Core inflation running in the US at 2,3% - 2 yr yields at 0.679% - Who is nuts in this game?

Yep, gentlemen and gentle women,

US bond money managers must have lost their mind. US core inflation is running at 2,3% and "Chicken Yellen" (yep, that´s how Tier1 trading desks are calling her) gets mega dovish at the last meeting. The reason is clear: everybody is afraid of China´s "restructuring" and is a mega mess. Nevertheless, Volcker would have never acted like "Chicken Yellen" does!

Where are the old school, hardline central bankers when you need them? America is calling you! Get rid of the chickens!

Core INflation.JPG

Yellen Chicken.png
 
2y notes respond more to expected monetary policy than to inflation (unless that inflation is expected to affect policy). The more relevant yields are the 10y and specially the 30y. The reason they are low is because inflation expectations are low. expectations matter more than current figures
 
So, the Wall Street braniacs throw other people´s monies out of the window because they "EXPECT" lower inflation going forward. We all understand that.

That´s what these clowns are paid for: burning other people´s monies.

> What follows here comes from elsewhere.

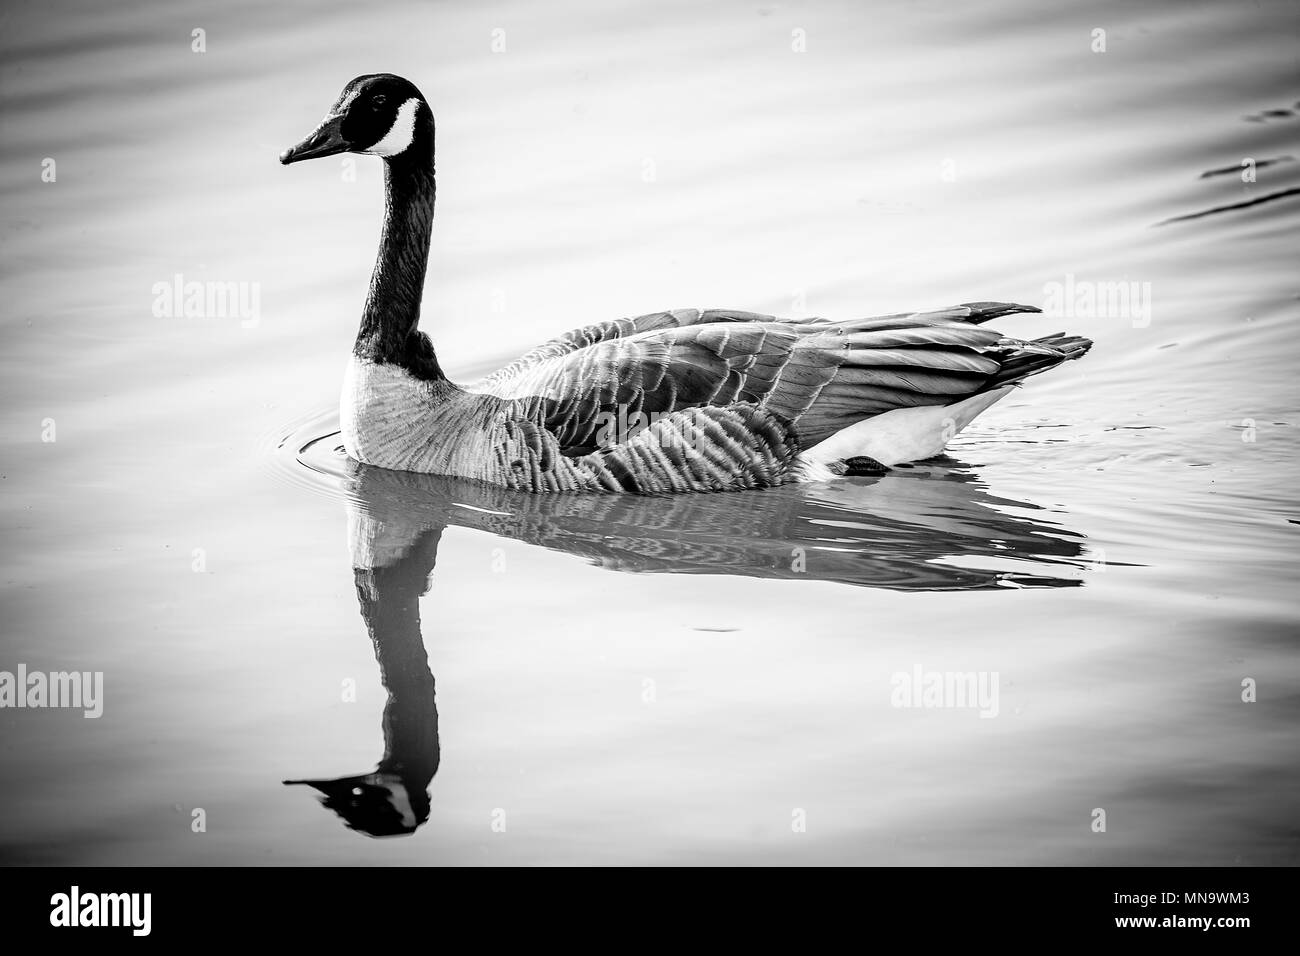 Un graylag goose (Anser anser) nuotare in un lago con riflessioni. Bodenham laghi, Herefordshire. Foto Stock

Meanwhile there is nothing close to "risk premia" in bond markets anymore. Where are just old school bond traders bombing Treasuries and Notes into oblivion to show the FED who the master is?

LOL!
 
So, the Wall Street braniacs throw other people´s monies out of the window because they "EXPECT" lower inflation going forward. We all understand that.

That´s what these clowns are paid for: burning other people´s monies.

Meanwhile there is nothing close to "risk premia" in bond markets anymore. Where are just old school bond traders bombing Treasuries and Notes into oblivion to show the FED who the master is?

LOL!
I tried, man... I ain't got no fingers no more.
 
So, the Wall Street braniacs throw other people´s monies out of the window because they "EXPECT" lower inflation going forward. We all understand that.

That´s what these clowns are paid for: burning other people´s monies.

Meanwhile there is nothing close to "risk premia" in bond markets anymore. Where are just old school bond traders bombing Treasuries and Notes into oblivion to show the FED who the master is?

LOL!

With other words: we need a BOND REVOLUTION and kick Jeffrey Gundlach and Bill Gross into their ARSE!

:=)))
 
10 year inflation breakevens have risen sharply from 1.2 to 1.6

https://research.stlouisfed.org/fred2/series/T10YIE

Media prints that the Fed is now acting as the global central bank and its China, Europe, "them", but the US is just fine.
We are in it together and deflation( look at last quarter 2015) expectations spiked with the feds stated course , dot plots, etc at that time. 2-3% inflation , measured , would be super with the fed I would think. That chart alone was worth a change in tactics alone. Right? Well, maybe.

I just saw the Daal Post above and this seems to be inline with what he is saying.